Work required:
For this exercise, reproduce the entries below exactly, but only from the line containing "Larusmiani Crew Neck Sweater Sweater - Olive" through the line containing "New Street Art", both included.

(Stored entries)
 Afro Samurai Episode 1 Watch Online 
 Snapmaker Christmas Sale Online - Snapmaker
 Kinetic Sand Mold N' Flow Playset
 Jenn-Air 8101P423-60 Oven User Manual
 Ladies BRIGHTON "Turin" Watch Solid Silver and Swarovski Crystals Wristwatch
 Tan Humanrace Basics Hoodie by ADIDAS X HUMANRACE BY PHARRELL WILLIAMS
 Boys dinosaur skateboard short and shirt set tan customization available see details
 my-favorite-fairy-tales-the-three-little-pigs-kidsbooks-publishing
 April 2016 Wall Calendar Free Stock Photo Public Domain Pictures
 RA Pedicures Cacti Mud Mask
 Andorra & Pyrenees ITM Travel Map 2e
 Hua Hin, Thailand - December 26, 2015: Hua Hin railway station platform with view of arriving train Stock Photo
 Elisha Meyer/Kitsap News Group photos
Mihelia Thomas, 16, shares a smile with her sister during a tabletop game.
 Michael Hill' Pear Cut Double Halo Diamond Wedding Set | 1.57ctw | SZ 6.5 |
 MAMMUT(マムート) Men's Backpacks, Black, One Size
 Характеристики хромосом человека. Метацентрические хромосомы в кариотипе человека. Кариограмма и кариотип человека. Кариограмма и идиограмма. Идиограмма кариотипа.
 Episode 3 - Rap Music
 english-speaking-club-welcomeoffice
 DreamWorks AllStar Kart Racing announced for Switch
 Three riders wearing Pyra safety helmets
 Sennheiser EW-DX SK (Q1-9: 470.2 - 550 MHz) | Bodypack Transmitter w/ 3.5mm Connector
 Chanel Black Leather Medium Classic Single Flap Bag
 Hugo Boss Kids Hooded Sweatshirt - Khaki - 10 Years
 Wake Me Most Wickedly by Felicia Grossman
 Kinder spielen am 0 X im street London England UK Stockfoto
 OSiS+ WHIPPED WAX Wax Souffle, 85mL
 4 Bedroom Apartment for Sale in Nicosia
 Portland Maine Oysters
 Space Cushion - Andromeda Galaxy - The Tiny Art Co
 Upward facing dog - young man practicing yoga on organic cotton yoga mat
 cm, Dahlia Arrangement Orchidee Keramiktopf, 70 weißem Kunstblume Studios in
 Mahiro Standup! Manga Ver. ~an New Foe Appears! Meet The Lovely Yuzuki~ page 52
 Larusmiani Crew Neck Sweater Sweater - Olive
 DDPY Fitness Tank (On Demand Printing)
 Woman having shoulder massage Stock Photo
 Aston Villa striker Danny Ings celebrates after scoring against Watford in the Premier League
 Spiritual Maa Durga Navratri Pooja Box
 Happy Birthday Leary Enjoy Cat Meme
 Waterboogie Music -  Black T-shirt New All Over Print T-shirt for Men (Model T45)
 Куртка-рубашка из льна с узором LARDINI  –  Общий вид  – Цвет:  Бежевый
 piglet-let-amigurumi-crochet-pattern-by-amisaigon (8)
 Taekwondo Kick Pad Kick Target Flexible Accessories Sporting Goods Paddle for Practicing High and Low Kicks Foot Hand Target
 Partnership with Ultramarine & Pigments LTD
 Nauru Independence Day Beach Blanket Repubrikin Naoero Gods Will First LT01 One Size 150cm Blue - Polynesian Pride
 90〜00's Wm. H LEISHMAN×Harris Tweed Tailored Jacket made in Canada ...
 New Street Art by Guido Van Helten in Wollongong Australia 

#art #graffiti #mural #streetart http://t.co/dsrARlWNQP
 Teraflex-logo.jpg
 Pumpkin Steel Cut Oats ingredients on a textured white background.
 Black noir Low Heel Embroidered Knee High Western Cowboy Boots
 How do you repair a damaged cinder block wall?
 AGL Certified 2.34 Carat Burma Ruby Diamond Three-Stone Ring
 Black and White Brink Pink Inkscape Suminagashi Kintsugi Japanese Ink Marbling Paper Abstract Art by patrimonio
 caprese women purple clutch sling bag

Answer below:
 Larusmiani Crew Neck Sweater Sweater - Olive
 DDPY Fitness Tank (On Demand Printing)
 Woman having shoulder massage Stock Photo
 Aston Villa striker Danny Ings celebrates after scoring against Watford in the Premier League
 Spiritual Maa Durga Navratri Pooja Box
 Happy Birthday Leary Enjoy Cat Meme
 Waterboogie Music -  Black T-shirt New All Over Print T-shirt for Men (Model T45)
 Куртка-рубашка из льна с узором LARDINI  –  Общий вид  – Цвет:  Бежевый
 piglet-let-amigurumi-crochet-pattern-by-amisaigon (8)
 Taekwondo Kick Pad Kick Target Flexible Accessories Sporting Goods Paddle for Practicing High and Low Kicks Foot Hand Target
 Partnership with Ultramarine & Pigments LTD
 Nauru Independence Day Beach Blanket Repubrikin Naoero Gods Will First LT01 One Size 150cm Blue - Polynesian Pride
 90〜00's Wm. H LEISHMAN×Harris Tweed Tailored Jacket made in Canada ...
 New Street Art by Guido Van Helten in Wollongong Australia 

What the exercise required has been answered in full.